2. A first exhaust pump for exhausting the first vacuum chamber, A first detection unit for detecting the air pressure in the first vacuum chamber, A second exhaust pump for exhausting the second vacuum chamber, A second detection unit for detecting the air pressure in the second vacuum chamber, The system includes exhaust control means that controls the operation of the first exhaust pump and the second exhaust pump, respectively, based on the atmospheric pressure detected by the first detection unit and the second detection unit, so that the differential pressure between the first vacuum chamber and the second vacuum chamber is less than a predetermined threshold. The vacuum apparatus according to claim 1.
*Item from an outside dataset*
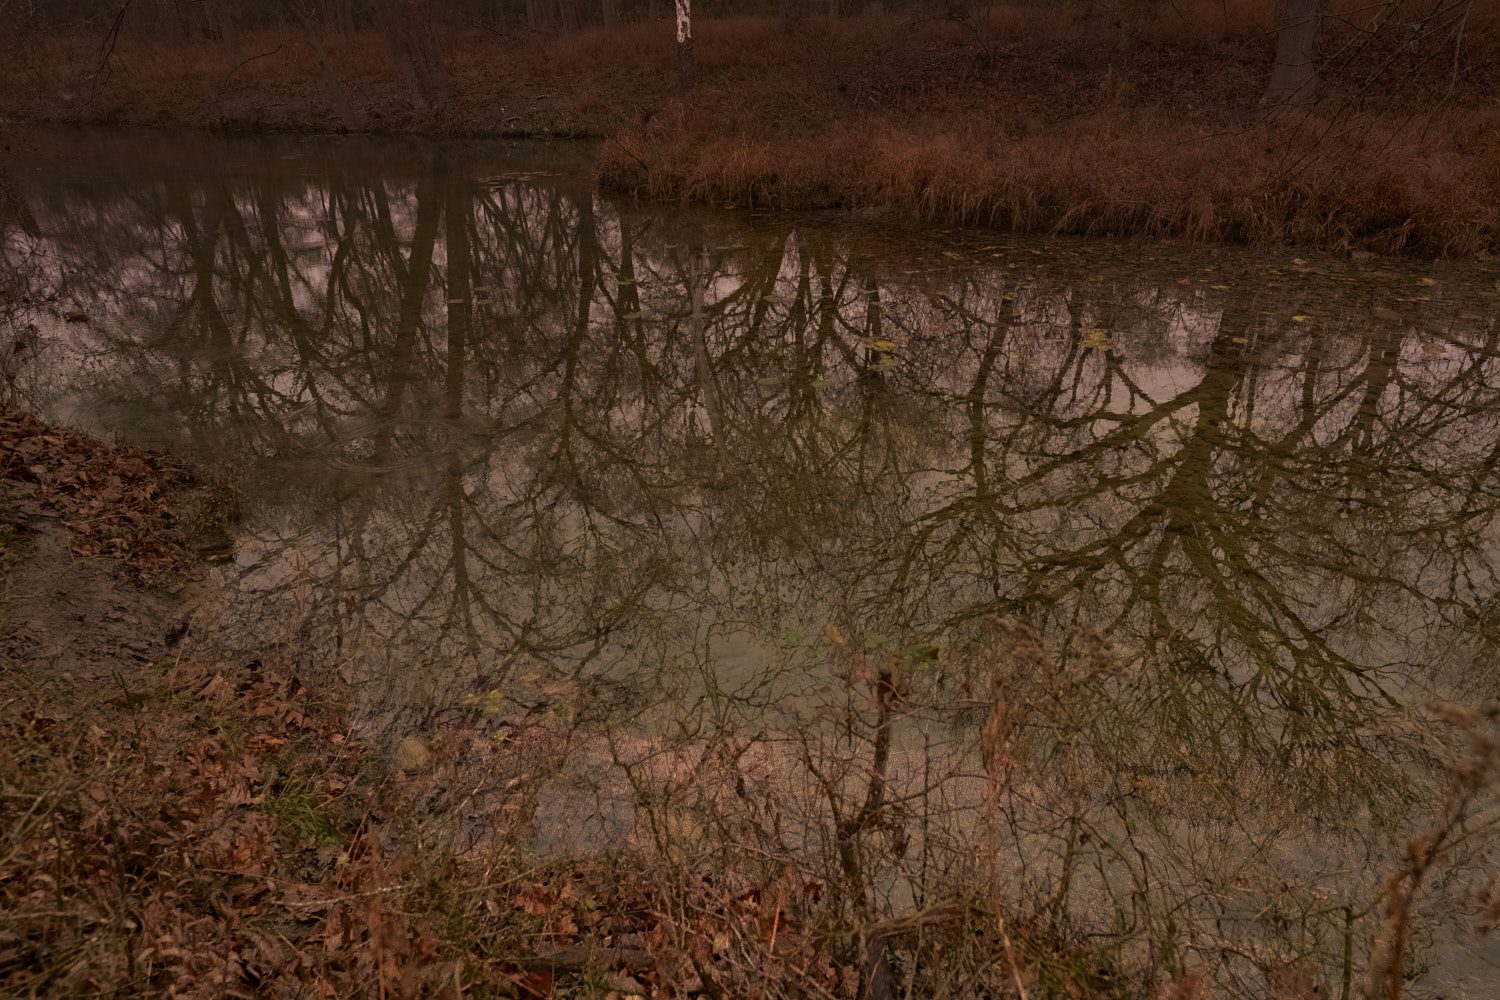 Reflection in the stream #1

3. An exhaust pump for evacuating the first vacuum chamber and the second vacuum chamber, A valve body that opens and closes either the first exhaust path connecting the first vacuum chamber and the exhaust pump, or the second exhaust path connecting the second vacuum chamber and the exhaust pump, Exhaust control means for controlling the operation of the exhaust pump, A first detection unit for detecting the air pressure in the first vacuum chamber, A second detection unit for detecting the air pressure in the second vacuum chamber, The system includes an opening / closing control means that controls the opening degree of the valve body so that the differential pressure between the first vacuum chamber and the second vacuum chamber is less than a predetermined threshold, based on the atmospheric pressure detected by the first detection unit and the second detection unit, respectively. The vacuum apparatus according to claim 1.
4. The temperature control unit includes a Peltier module provided along the lower surface of the plate described above. The vacuum apparatus according to any one of claims 1 to 3.